# Matching distance

In mathematics, the matching distance[1][2] is a metric on the space of size functions.

Example: The matching distance between $\ell_1=r+a+b$ and $\ell_2=r'+a'$ is given by $d_\text{match}(\ell_1, \ell_2)=\max\{\delta(r,r'),\delta(b,a'),\delta(a,\Delta)\}=4$

The core of the definition of matching distance is the observation that the information contained in a size function can be combinatorially stored in a formal series of lines and points of the plane, called respectively cornerlines and cornerpoints.

Given two size functions $\ell_1$ and $\ell_2$, let $C_1$ (resp. $C_2$) be the multiset of all cornerpoints and cornerlines for $\ell_1$ (resp. $\ell_2$) counted with their multiplicities, augmented by adding a countable infinity of points of the diagonal $\{(x,y)\in \R^2: x=y\}$.

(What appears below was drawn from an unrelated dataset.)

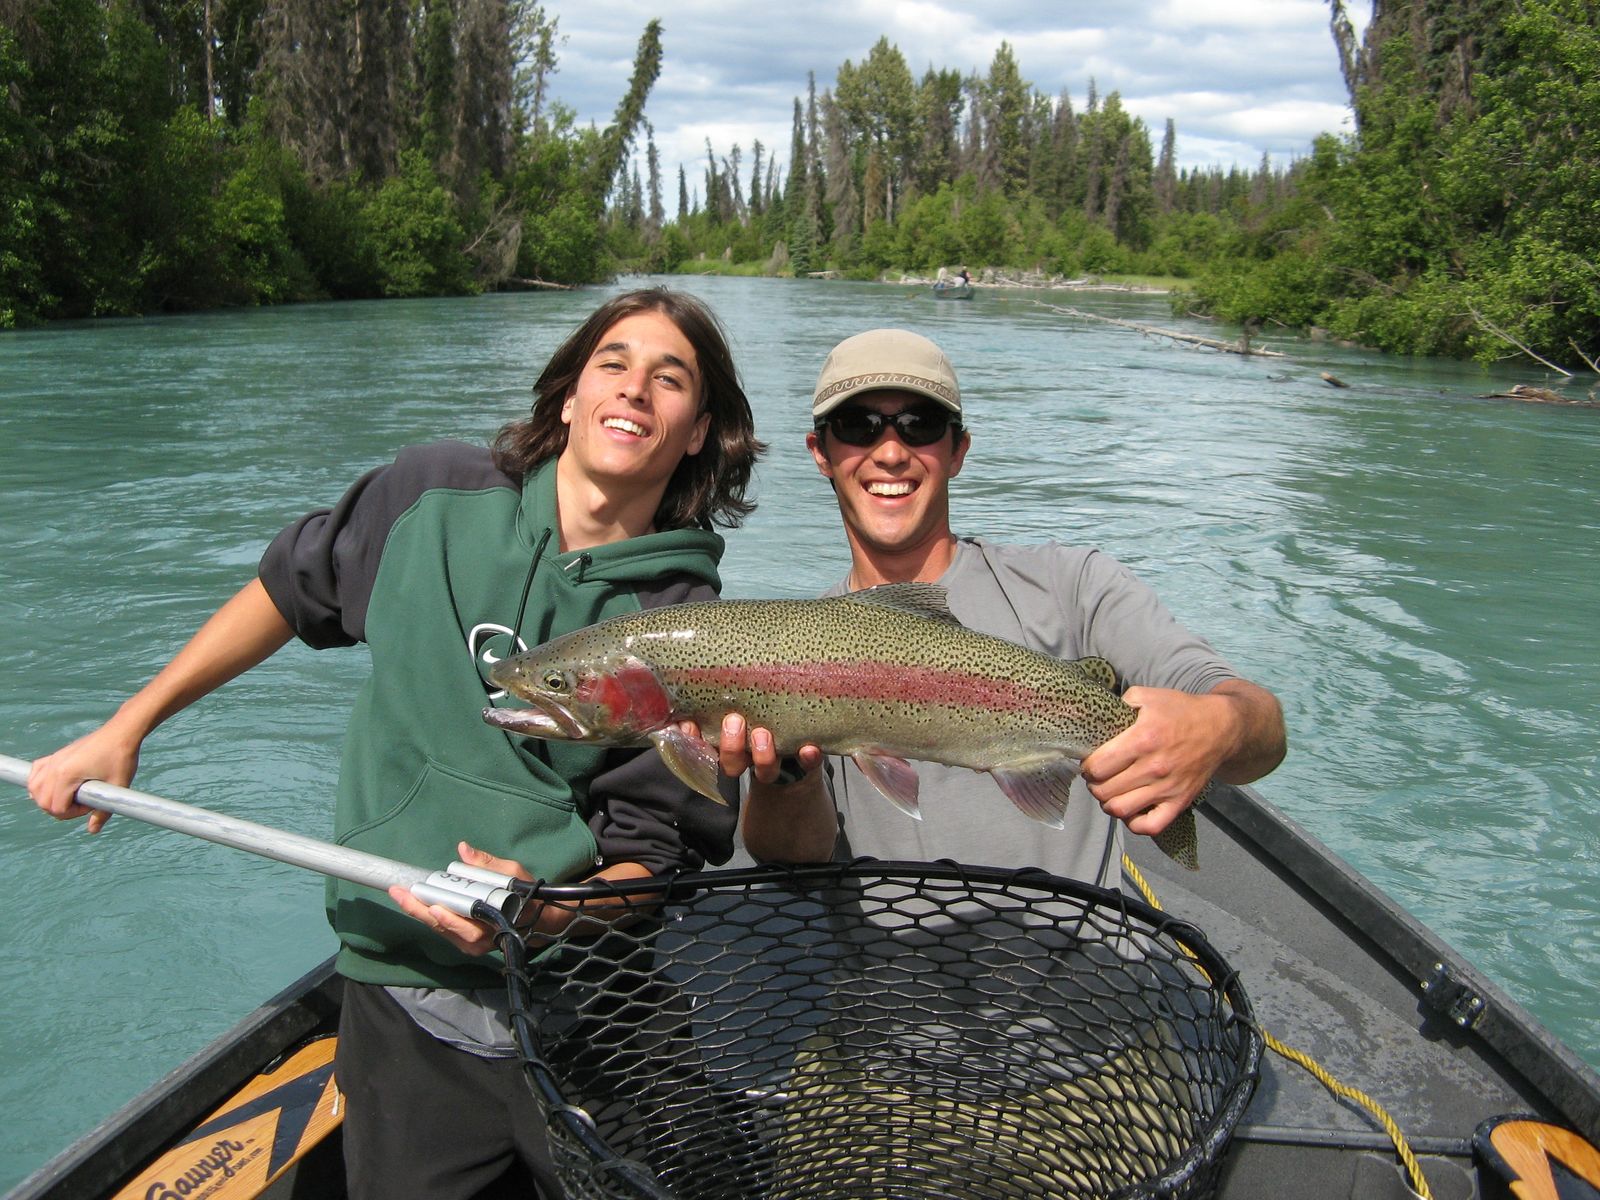 Pesca en Alaska

The matching distance between $\ell_1$ and $\ell_2$ is given by $d_\text{match}(\ell_1, \ell_2)=\min_\sigma\max_{p\in C_1}\delta (p,\sigma(p))$ where $\sigma$ varies among all the bijections between $C_1$ and $C_2$ and

$\delta\left((x,y),(x',y')\right)=\min\left\{\max \{|x-x'|,|y-y'|\}, \max\left\{\frac{y-x}{2},\frac{y'-x'}{2}\right\}\right\}.$

Roughly speaking, the matching distance $d_\text{match}$ between two size functions is the minimum, over all the matchings between the cornerpoints of the two size functions, of the maximum of the $L_\infty$-distances between two matched cornerpoints. Since two size functions can have a different number of cornerpoints, these can be also matched to points of the diagonal $\Delta$. Moreover, the definition of $\delta$ implies that matching two points of the diagonal has no cost.

## References

1. ^ Michele d'Amico, Patrizio Frosini, Claudia Landi, Using matching distance in Size Theory: a survey, International Journal of Imaging Systems and Technology, 16(5):154–161, 2006.
2. ^ Michele d'Amico, Patrizio Frosini, Claudia Landi, Natural pseudo-distance and optimal matching between reduced size functions, Acta Applicandae Mathematicae, 109(2):527-554, 2010.